Você se pega deixando de cumprir alguma atividade importante por passar tempo demais nas redes sociais com frequência? Volta para casa só para pegar o celular quando se esquece de levá-lo com você? Sente angústia ou ansiedade ao perceber que está sem acesso à internet? Caso suas respostas tenham sido afirmativas, isso pode ser o indicativo de uso abusivo das tecnologias.

Segundo pesquisa do Instituto Flurry Analytics, o número de pessoas dependentes de smartphones cresceu quase 60% no mundo entre 2014 e 2015. A quantidade de usuários que acessam os dispositivos mais de 60 vezes por dia – parâmetro reconhecido pelo instituto de pesquisas norte-americano como um problema – saltou de 176 milhões para 280 milhões em um ano.

Instituto trata possíveis transtornos

Visando orientar a população sobre o uso consciente das tecnologias e oferecer suporte ao uso abusivo, o Instituto Delete, vinculado ao Instituto de Psiquiatria (Ipub) da UFRJ, já atendeu mais de 500 pessoas desde a sua criação.

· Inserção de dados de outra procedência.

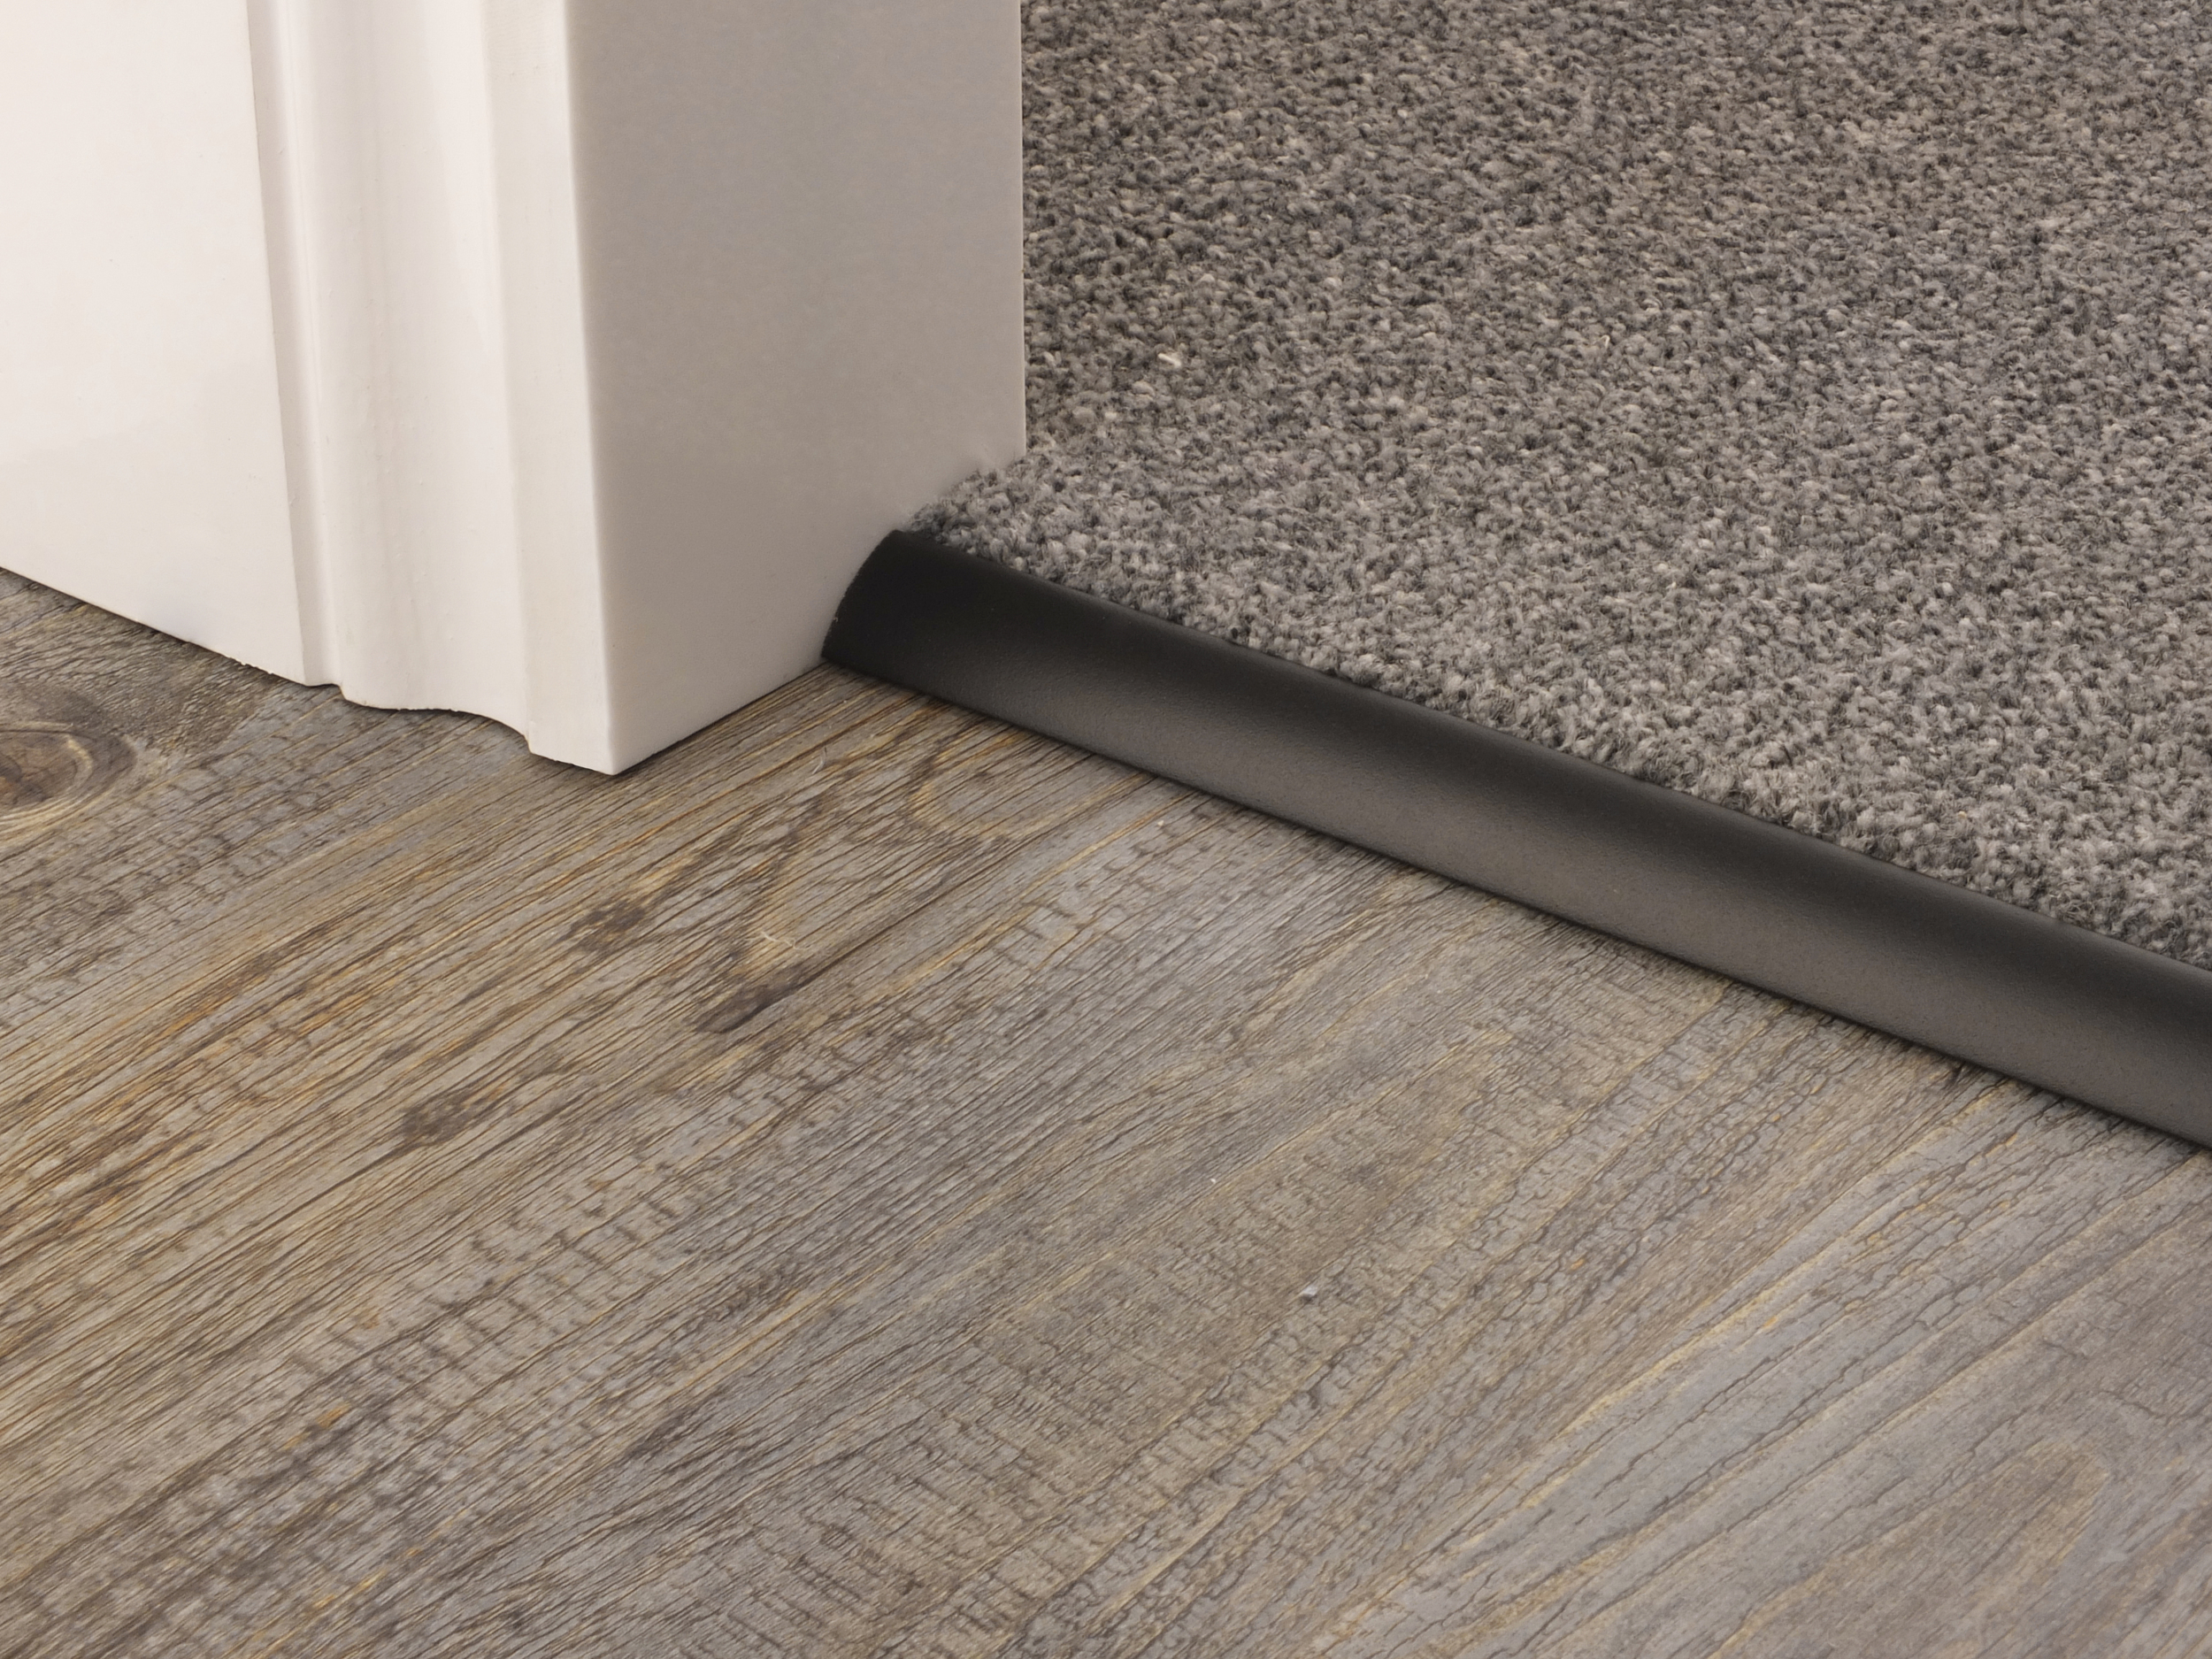 Single Carpet Edge Carpet to Hardfloor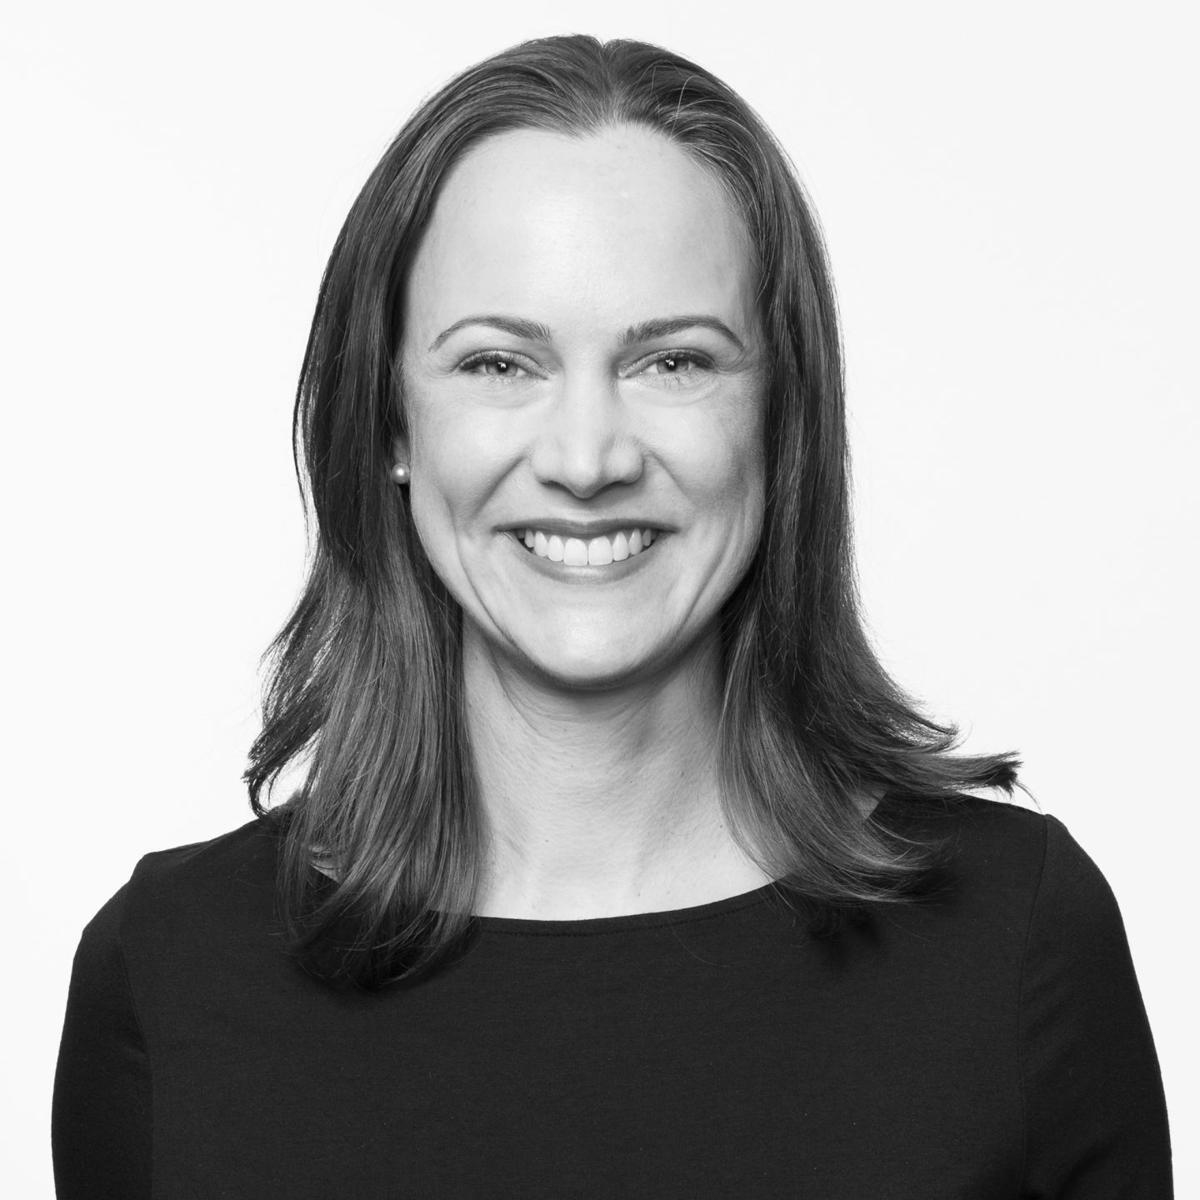 Alison Chase of NRDC

Imagem de Anna Lucia Spear King, coordenadora do Instituto Delete, que trata pessoas com dependência tecnológica.
Anna Lucia Spear King, diretora do Instituto Delete. Foto: Arquivo pessoal

Os atendimentos são realizados todas as sextas-feiras, entre 8h e 11h no Ipub, em Botafogo. O paciente passa por uma triagem e avaliação psicológica para, então, ser encaminhado a um acompanhamento psiquiátrico caso seja identificado algum transtorno.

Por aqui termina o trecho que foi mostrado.